2026-03-23 · Back to index

Why smaller, cooler chips matter

From smartphones to data centers, our gadgets rely on tiny electronic switches called transistors. As engineers keep shrinking these switches to fit more onto a chip, they fight a growing problem: wasted energy leaking through the insulating layers that control the current. This study introduces a new insulating material that could help future ultra-thin electronics run with less power and less heat, keeping our devices faster and more efficient.

Figure 1. How a new ultrathin insulator helps tiny 2D transistor chips waste less energy and control current more cleanly.

A new kind of insulating layer

Modern transistors need an insulating layer that does two jobs at once: it must store electric charge well so the gate can easily turn the current on and off, and it must block electrons from sneaking through when they are supposed to stay put. These two traits usually work against each other. Materials that store charge well often let more current leak, while very good blockers store less. The researchers focused on a crystal called KBe2BO3F2, or KBBF, whose atoms are arranged in tightly bound layers containing very short chemical bonds and strongly charged elements. This special bonding gives KBBF both strong charge response and a very wide energy barrier against leaking electrons.

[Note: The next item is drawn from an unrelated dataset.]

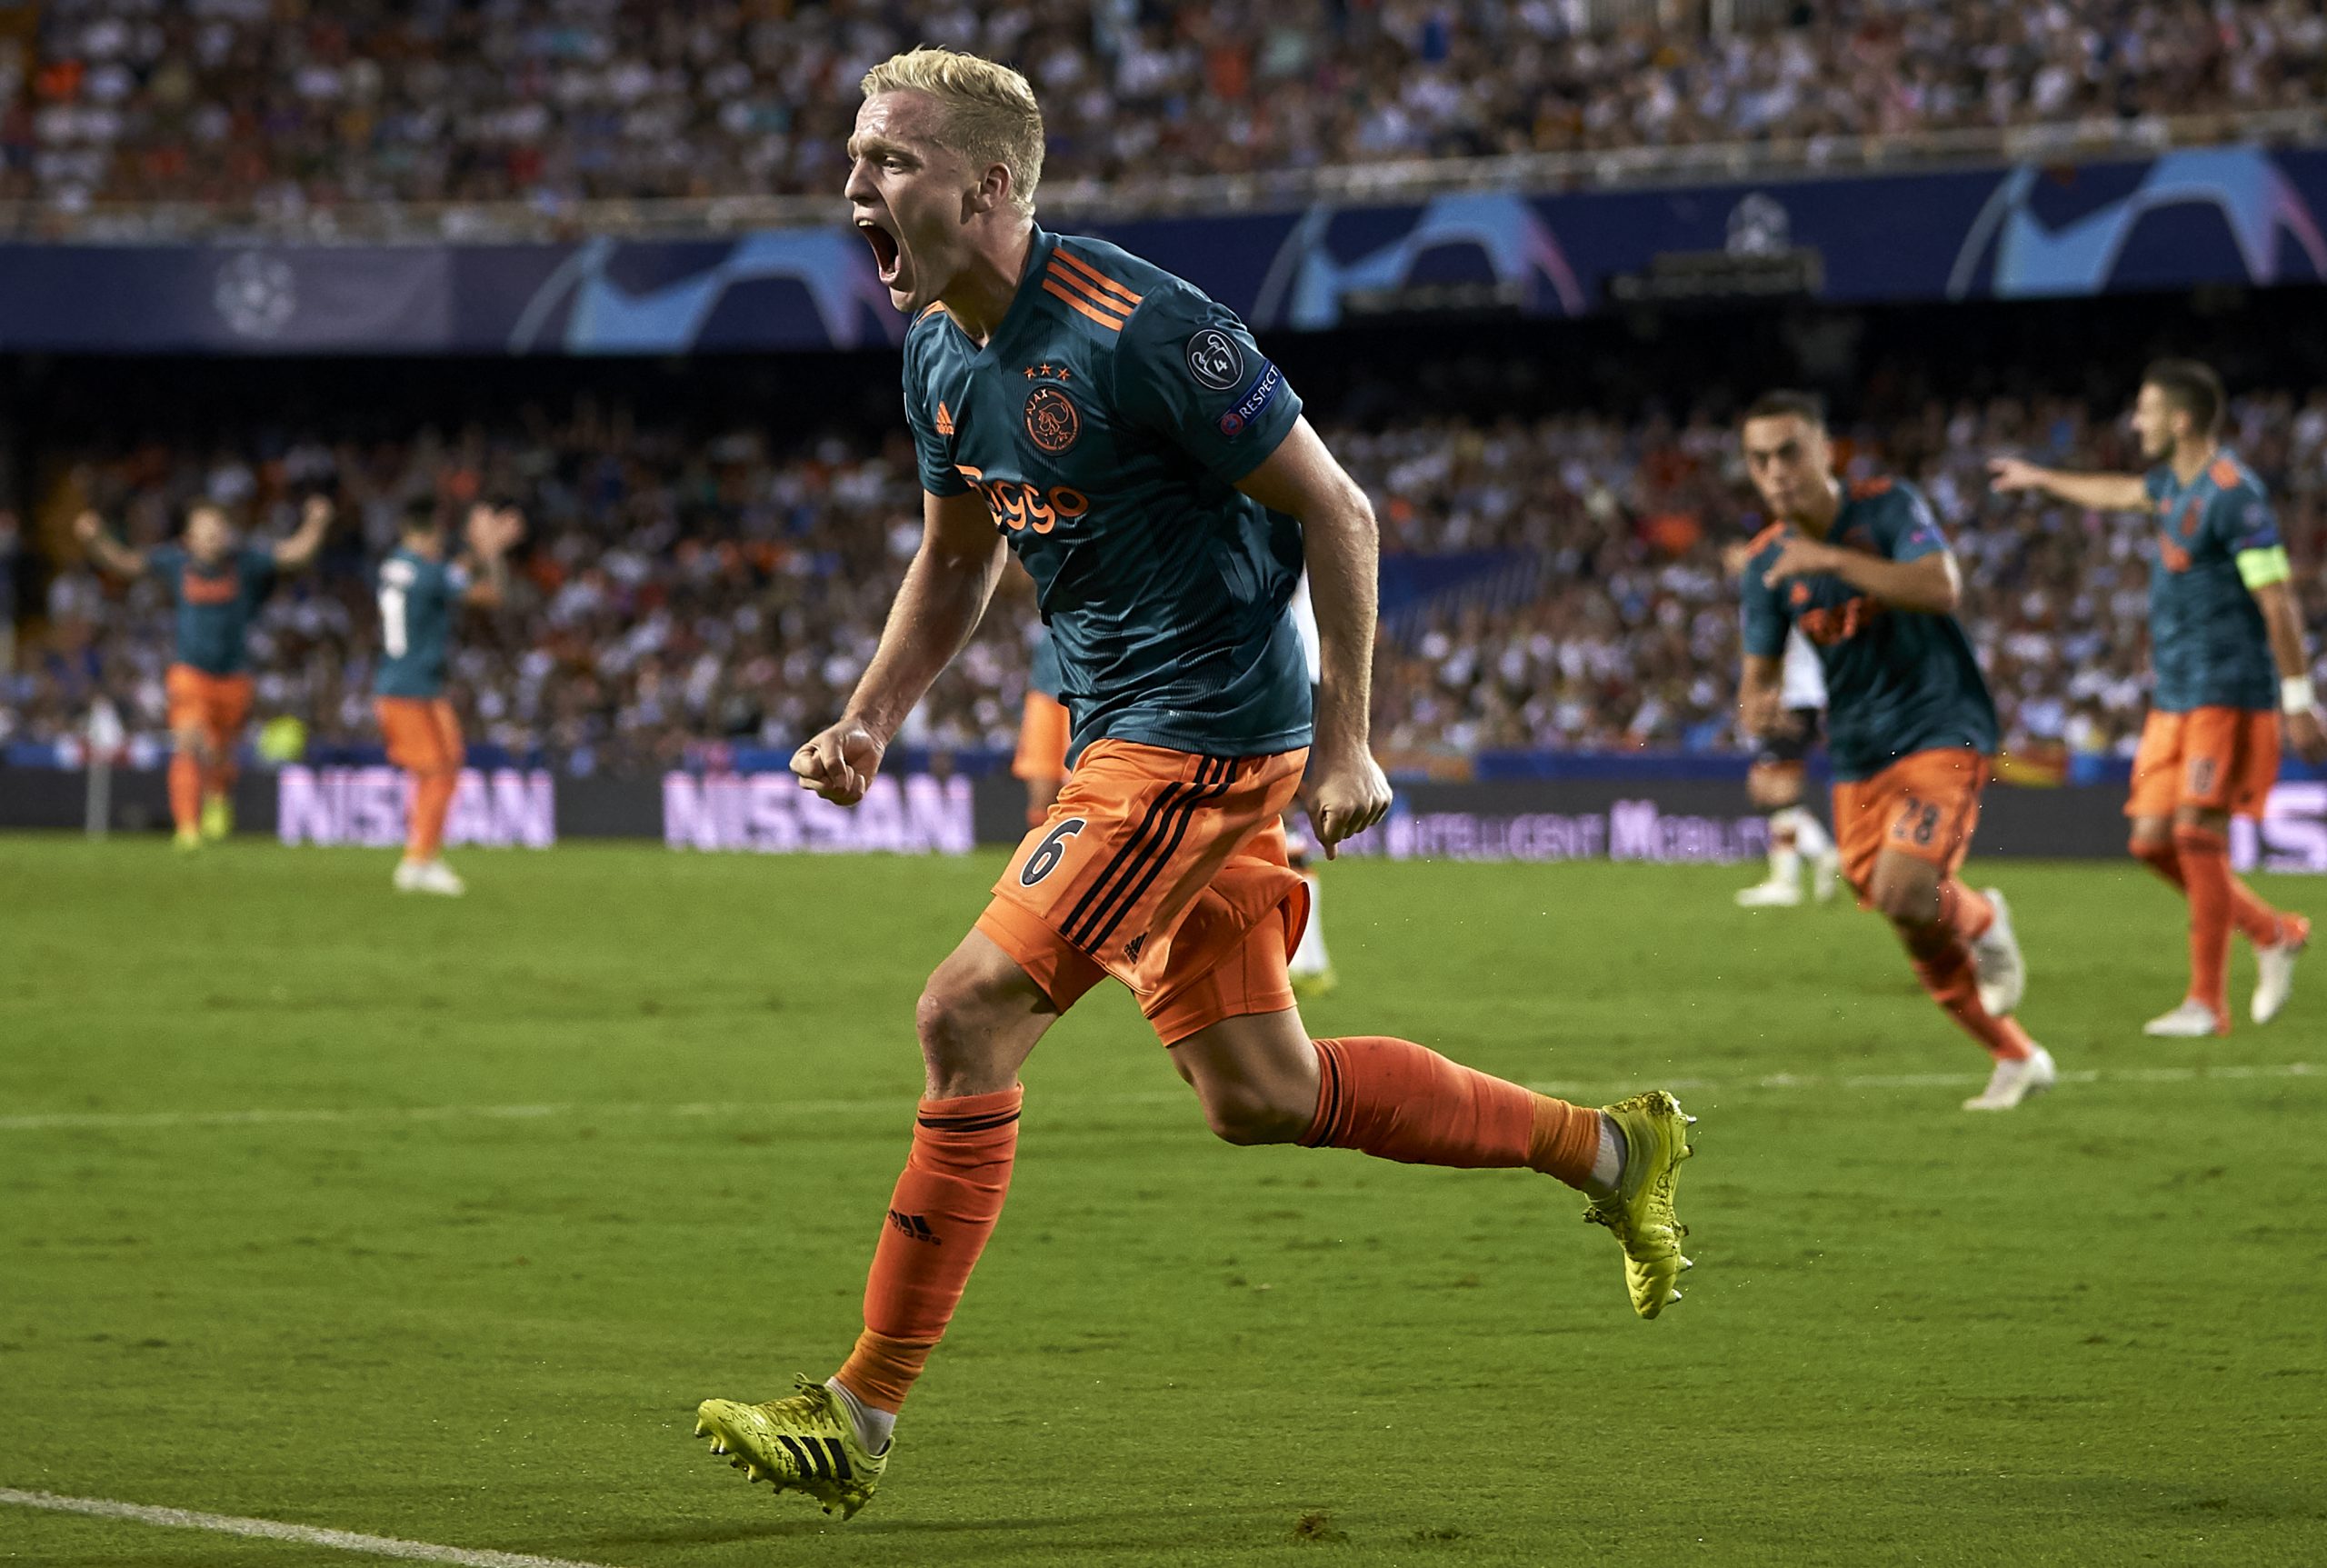 Gronkjaer Urges Donny Van De Beek To Join Chelsea - Van de Beek celebrates a goal

Peeling crystals into ultra-thin sheets

To use KBBF in cutting edge devices, the team needed it in ultra-thin form, only a few atoms thick. They used a mechanical method that gently slides and peels layers from a bulk crystal, a bit like separating pages in a stuck-together book. Microscopy images show that the peeled KBBF sheets are flat, uniform, and largely free of defects. When these sheets are stacked together with a common 2D semiconductor called MoS2, the boundary between them remains clean and smooth. There is even a tiny natural gap at the interface that further helps block unwanted tunneling of charges from the transistor gate into the channel below.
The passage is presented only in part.